**The problem:**
There should be no pictures in your answer, only an exact copy of the lines from the one with "Buxton pavilion and" through the end of the material.

**Input data:**
----
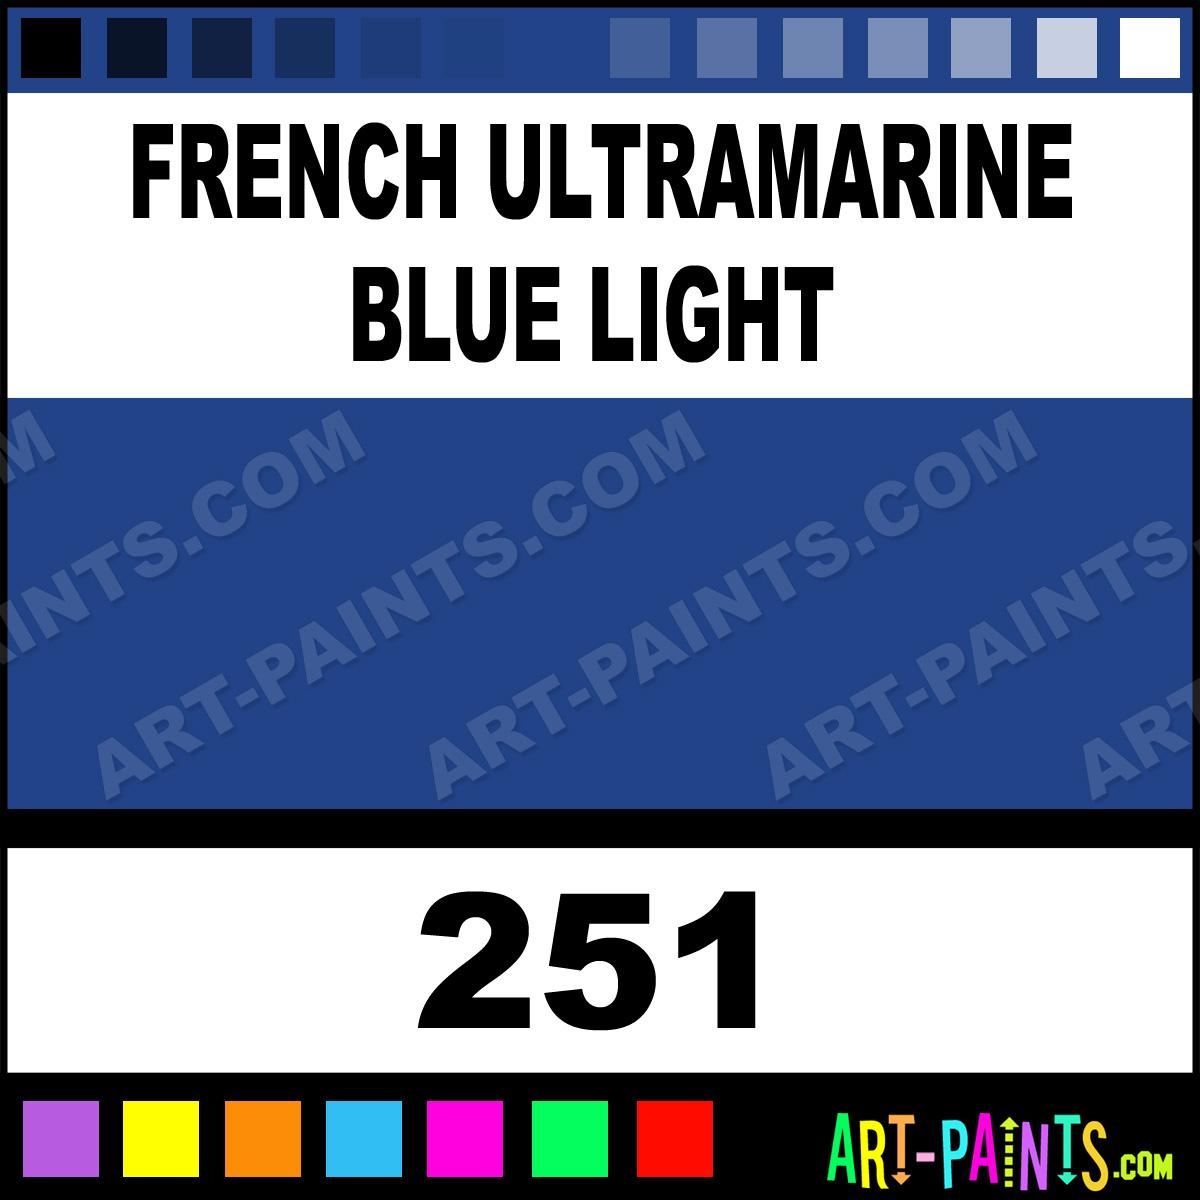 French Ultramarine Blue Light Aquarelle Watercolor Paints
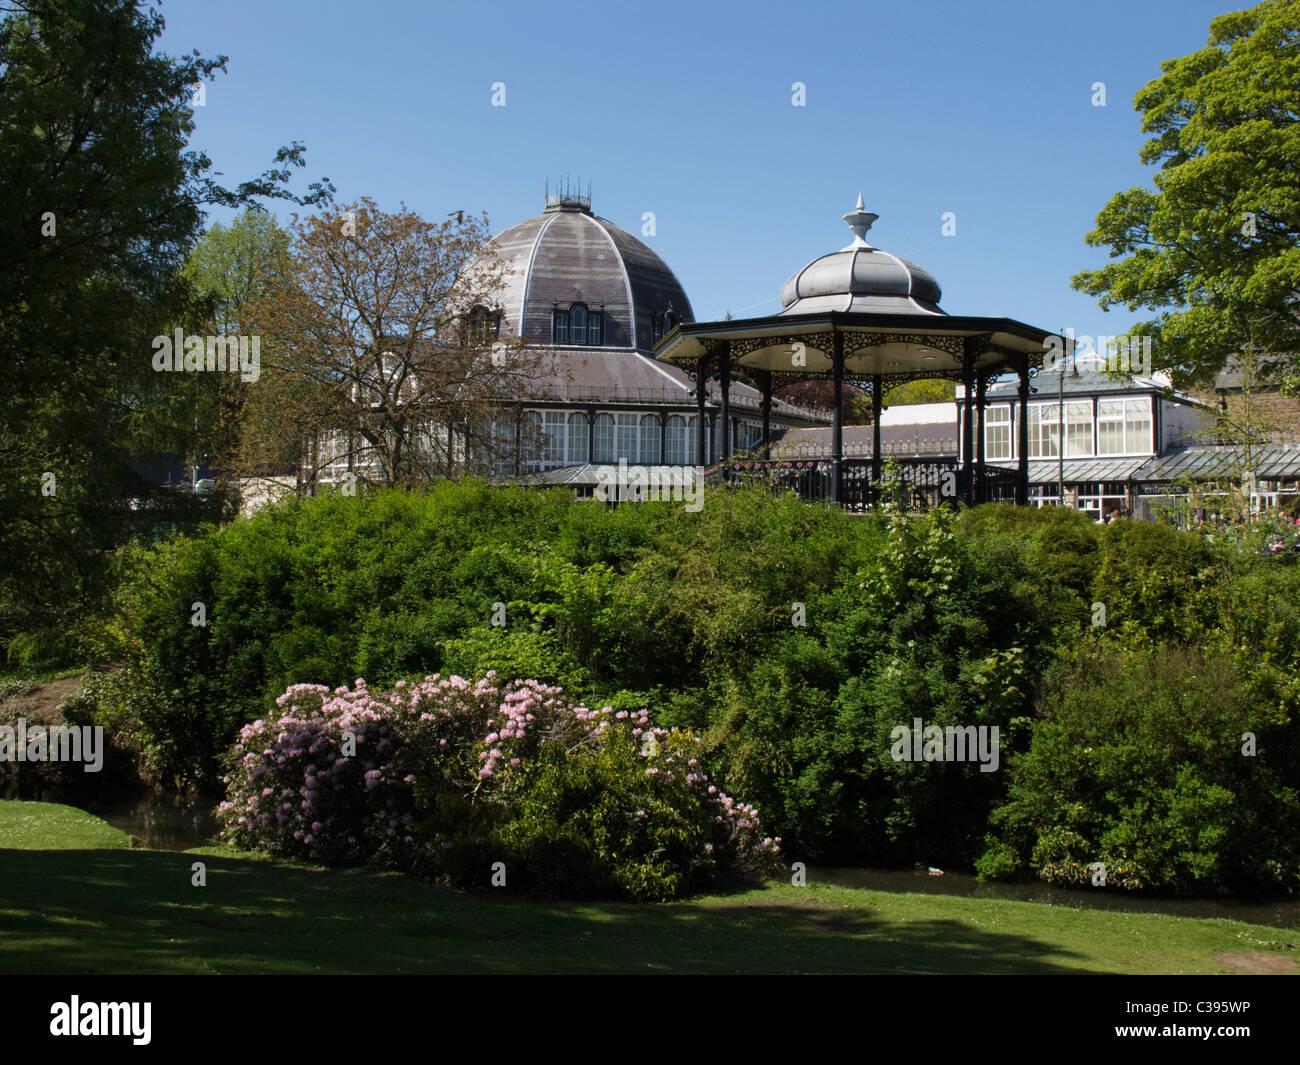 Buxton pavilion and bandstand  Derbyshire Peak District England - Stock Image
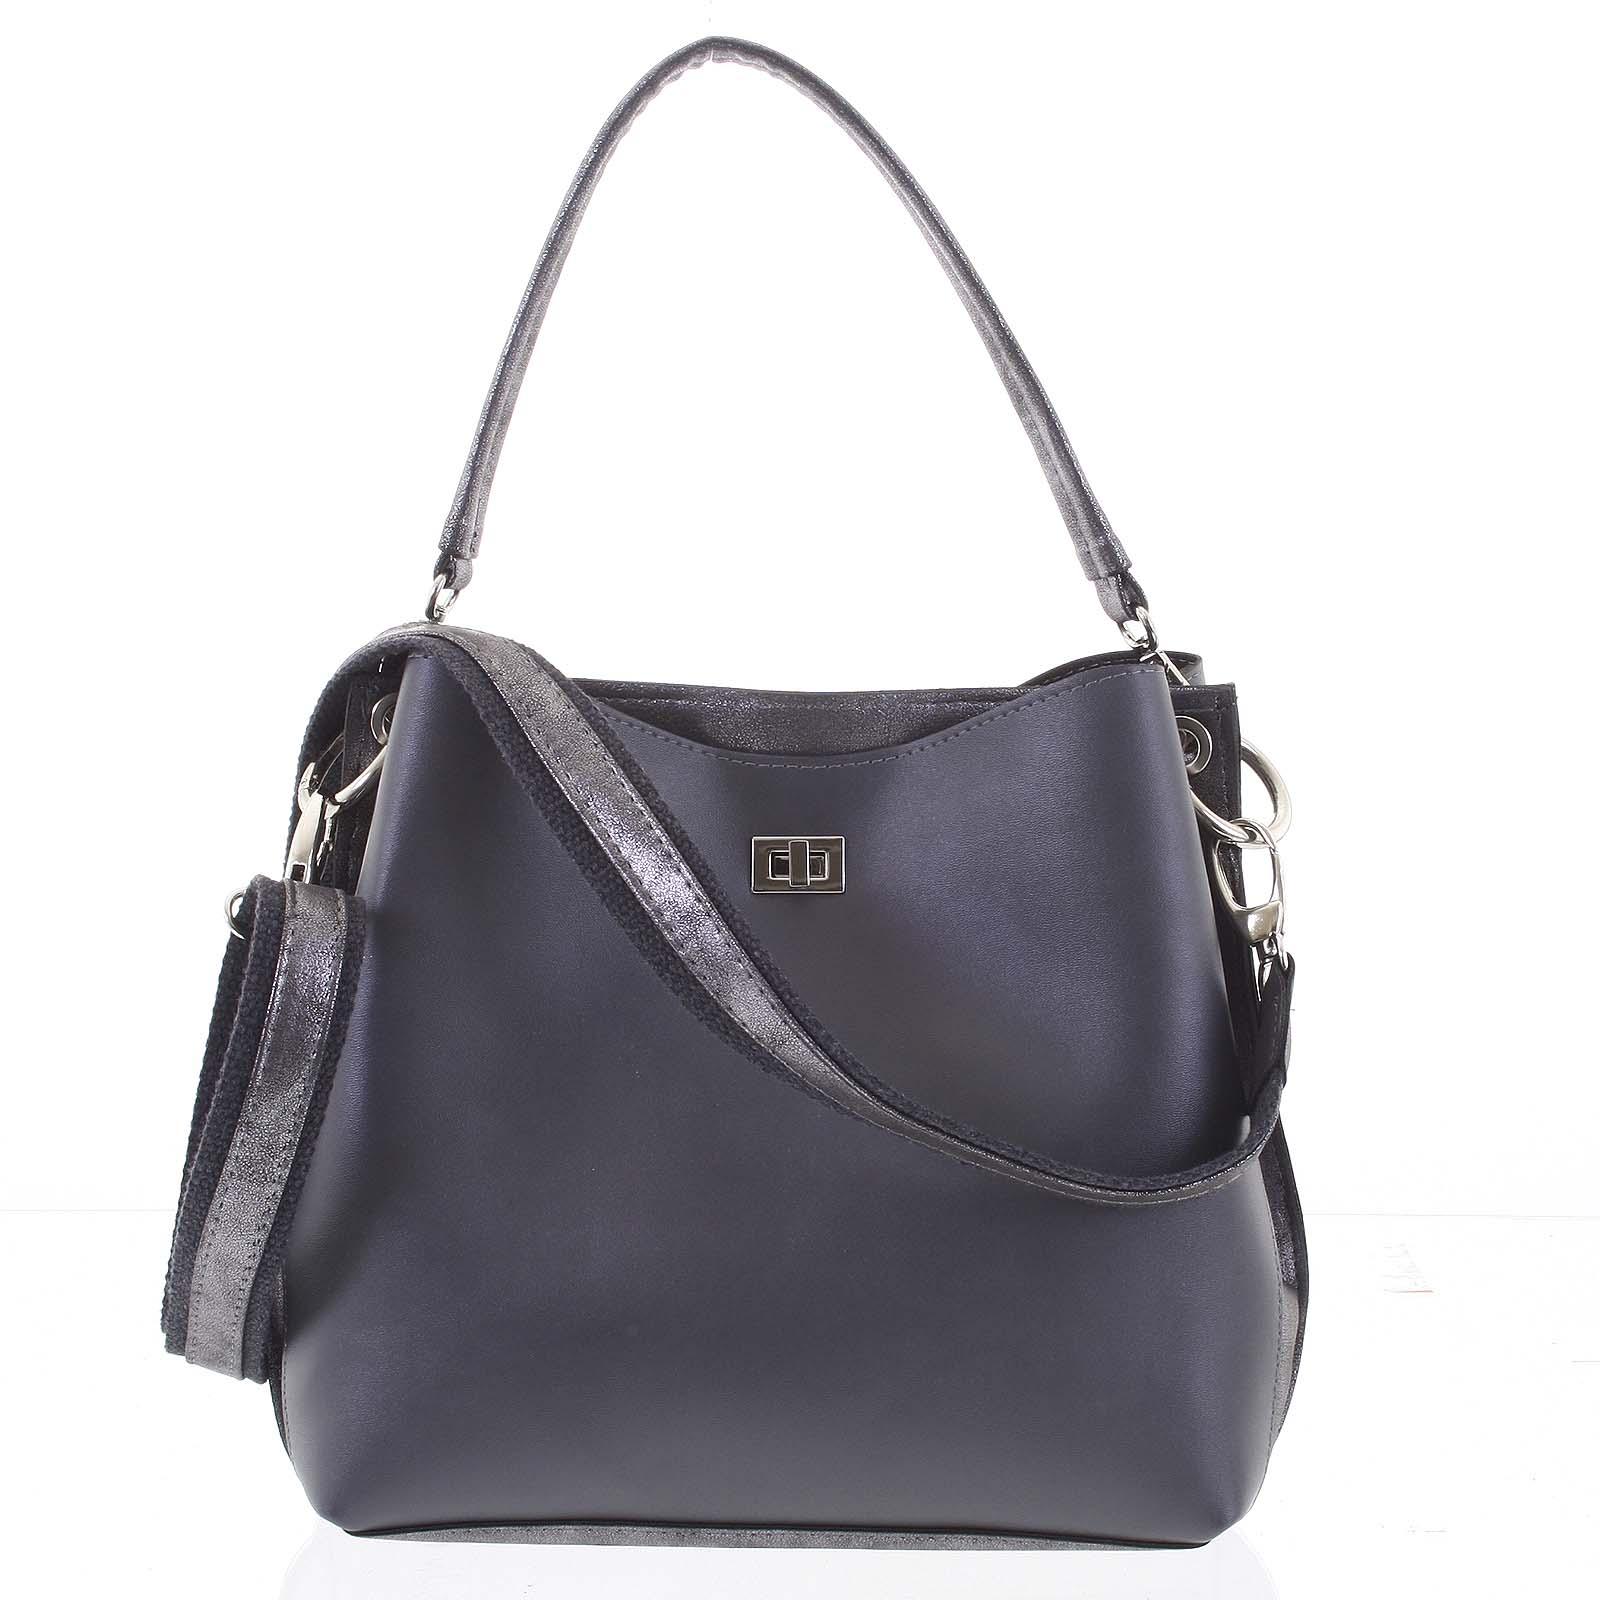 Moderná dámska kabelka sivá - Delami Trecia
----
**Task answer:**
 Buxton pavilion and bandstand  Derbyshire Peak District England - Stock Image
 Moderná dámska kabelka sivá - Delami Trecia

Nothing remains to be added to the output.